Apple to end 32-bit app support on macOS

By @ULB1N on
Apple WWDC 2017
The audience assembles before the start of Apple's annual developer conference in San Jose, California, U.S. June 5, 2017. Reuters/Stephen Lam

Apple is set on ending 32-bit app support on its macOS operating system, just like it did on iOS 11. The company is giving both users and developers enough time to adjust to the new change. High Sierra, the latest version of the Mac software, was previewed on Tuesday at the company’s yearly event.

Apple has always prided itself for being an innovation frontrunner. But moving forward, especially in technology, means leaving something behind. And that’s exactly what the tech giant intends to do as it begins a new era of digital modernism.

High Sierra, according to the iPhone maker, will be the last iteration of its operating system “to support 32-bit apps without compromises.” The company made the announcement during its Platform State of the Union keynote at the annual Worldwide Developers Conference (WWDC 2017).

Apple is giving developers of existing apps to update their respective programmes to 64-bit by June 2018. Beginning January next year, however, the Mac App Store will not be accepting new apps that are 32-bit.

Once High Sierra’s successor starts developing, Apple is going to take an aggressive approach when it comes to reminding users about 32-bit programmes. The California-based company is, of course, eventually phasing the old apps out altogether.

32-bit apps are no longer allowed to be opened or installed on Apple’s updated mobile operating system, iOS 11. If a user tries to launch such non-supported apps, he or she will receive a notification about the app’s need to be upgraded, as noted by MacRumors. Just like it did before the phase out of 32-bit apps on the refreshed iOS, Apple intends on actively and constantly alerting both Mac users and developers about the planned abolition.

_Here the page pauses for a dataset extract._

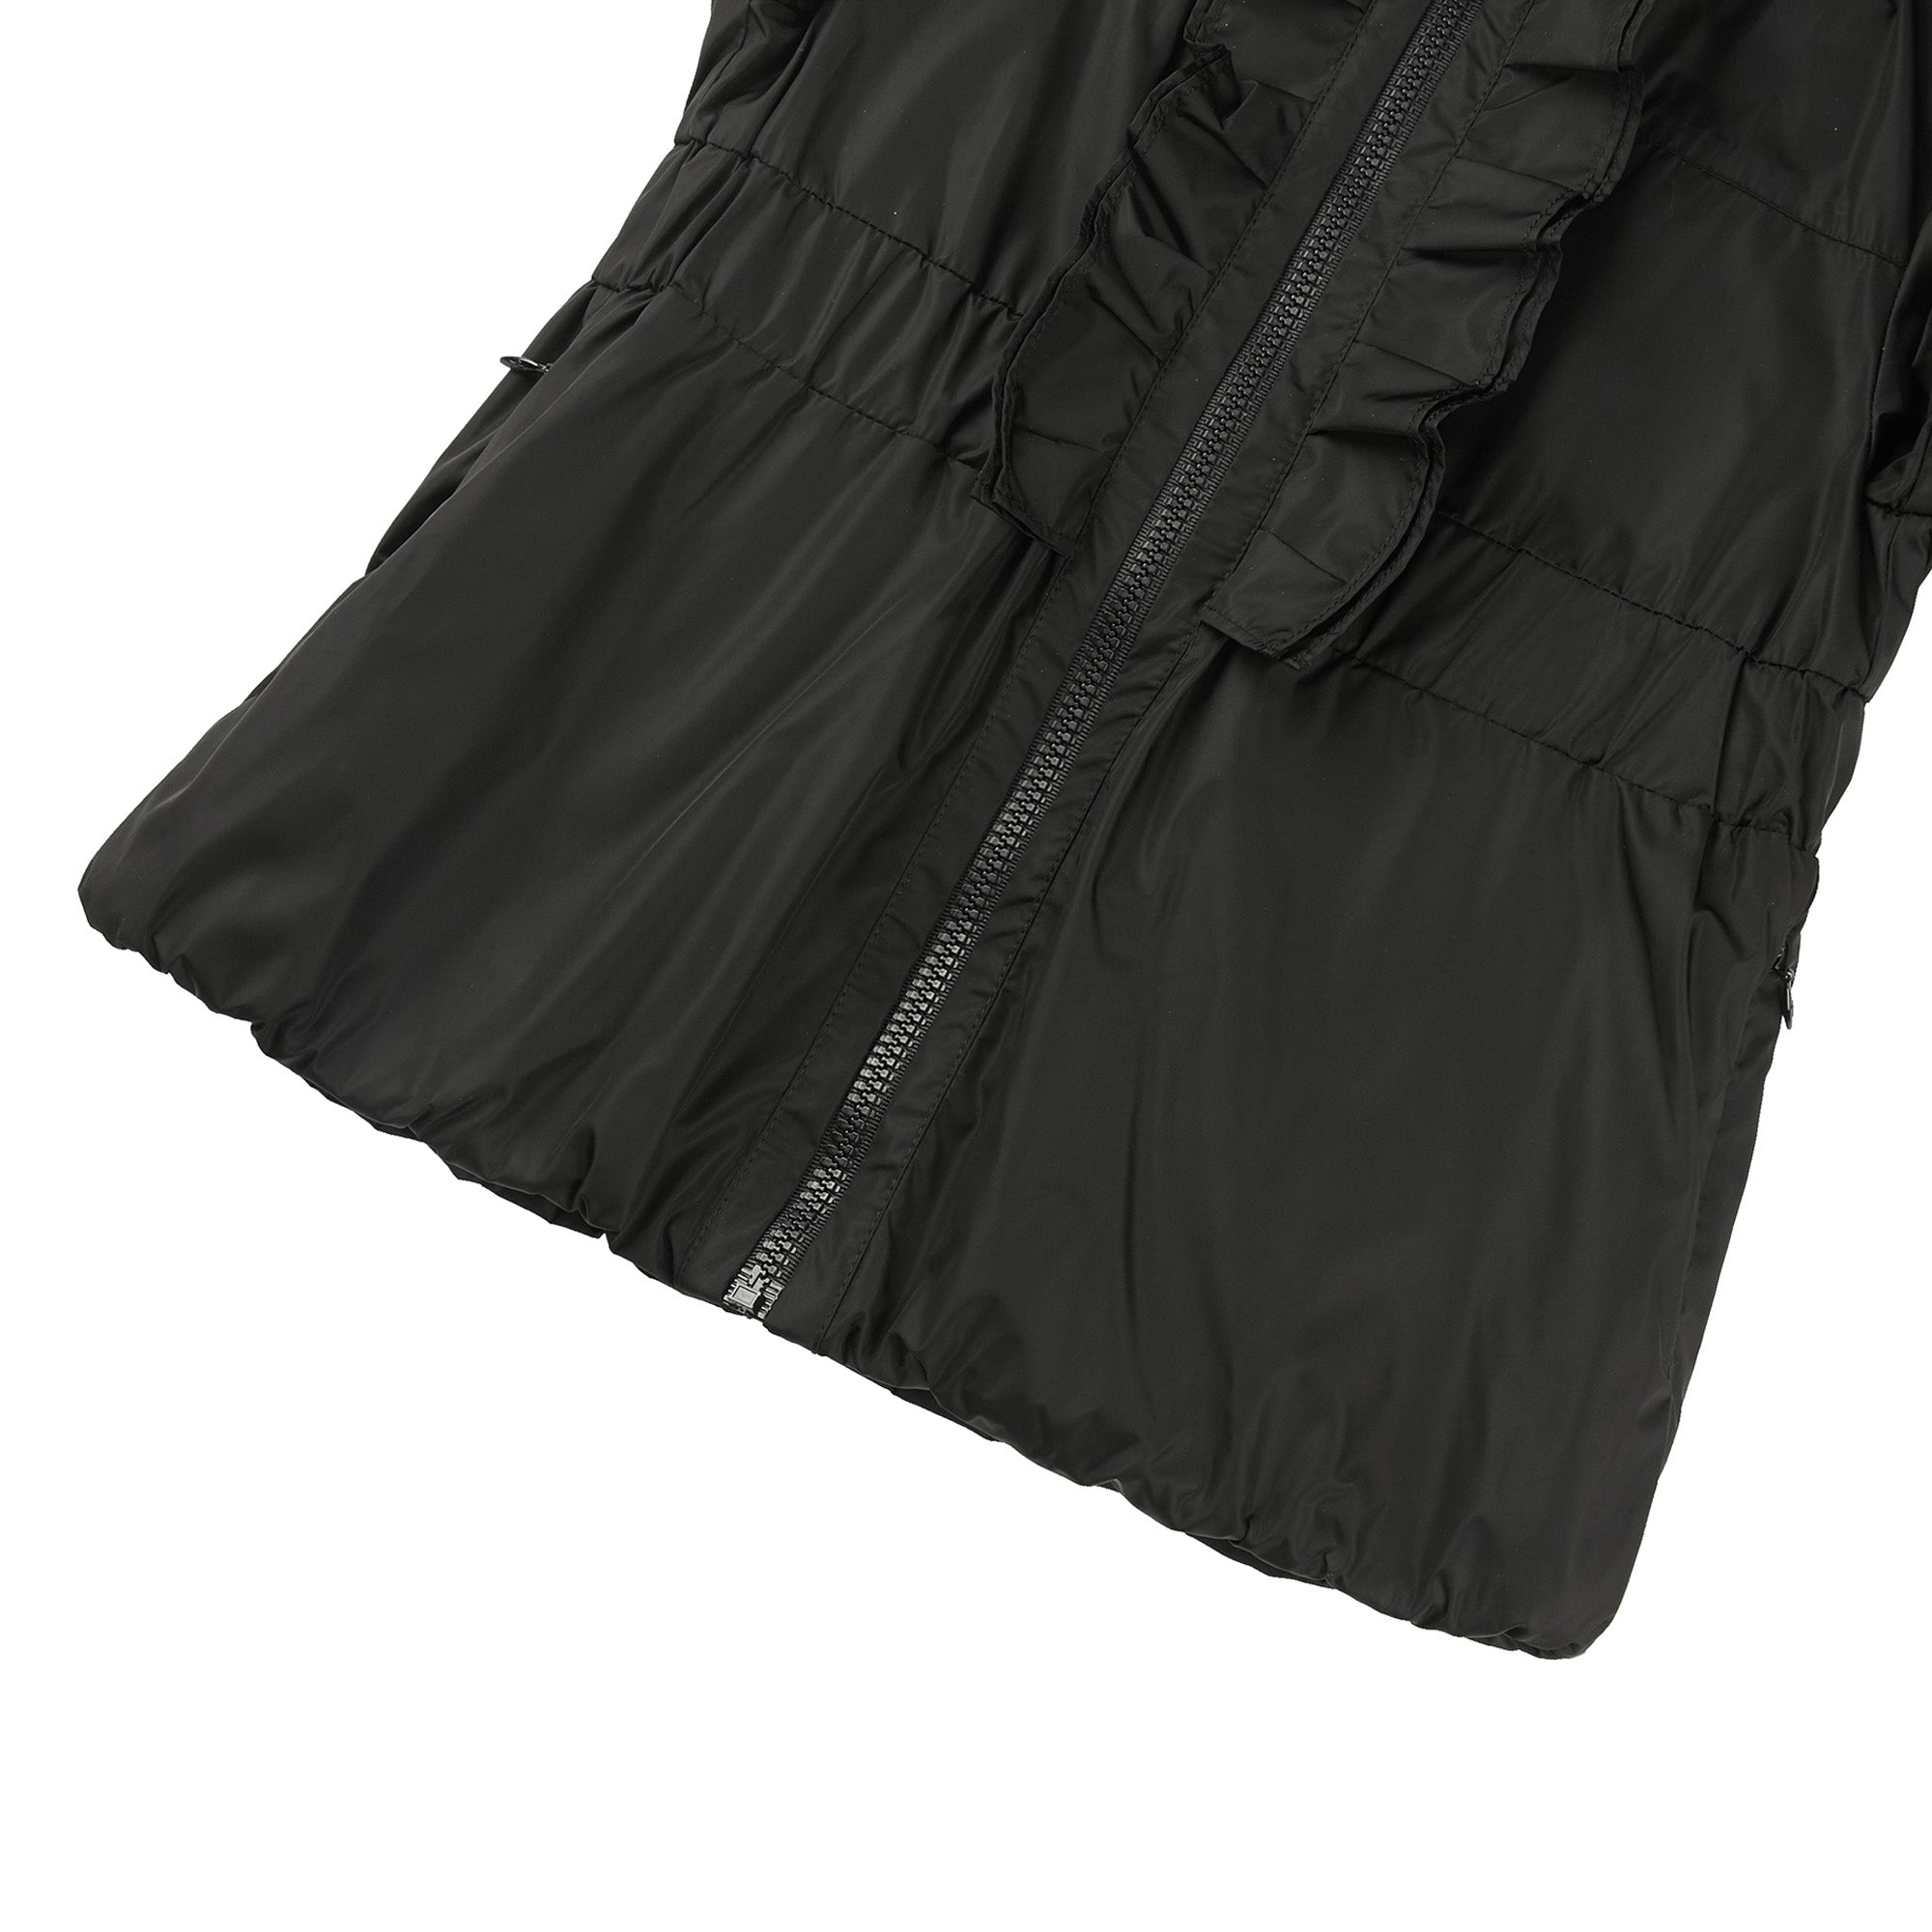 Girls Black Ruffle Jacket

Apple previewed the macOS High Sierra on Tuesday at WWDC, and the latest software boasts of core storage, video and graphics enhancement. It also introduces a brand new file system and an updated version of the Mac maker’s graphics technology, Metal. The new operating system’s launch coincides with that of the all-new iMac line-up, which now includes a Pro variant (see related story below).

“macOS High Sierra delivers important forward-looking technologies and new opportunities for developers wanting to tap into the power of machine learning and create immersive VR content on the Mac,” said Apple senior vice president of software engineering Craig Federighi. “The core technology innovations in macOS High Sierra, combined with our advances in hardware, will continue to push the Mac forward in exciting new ways.”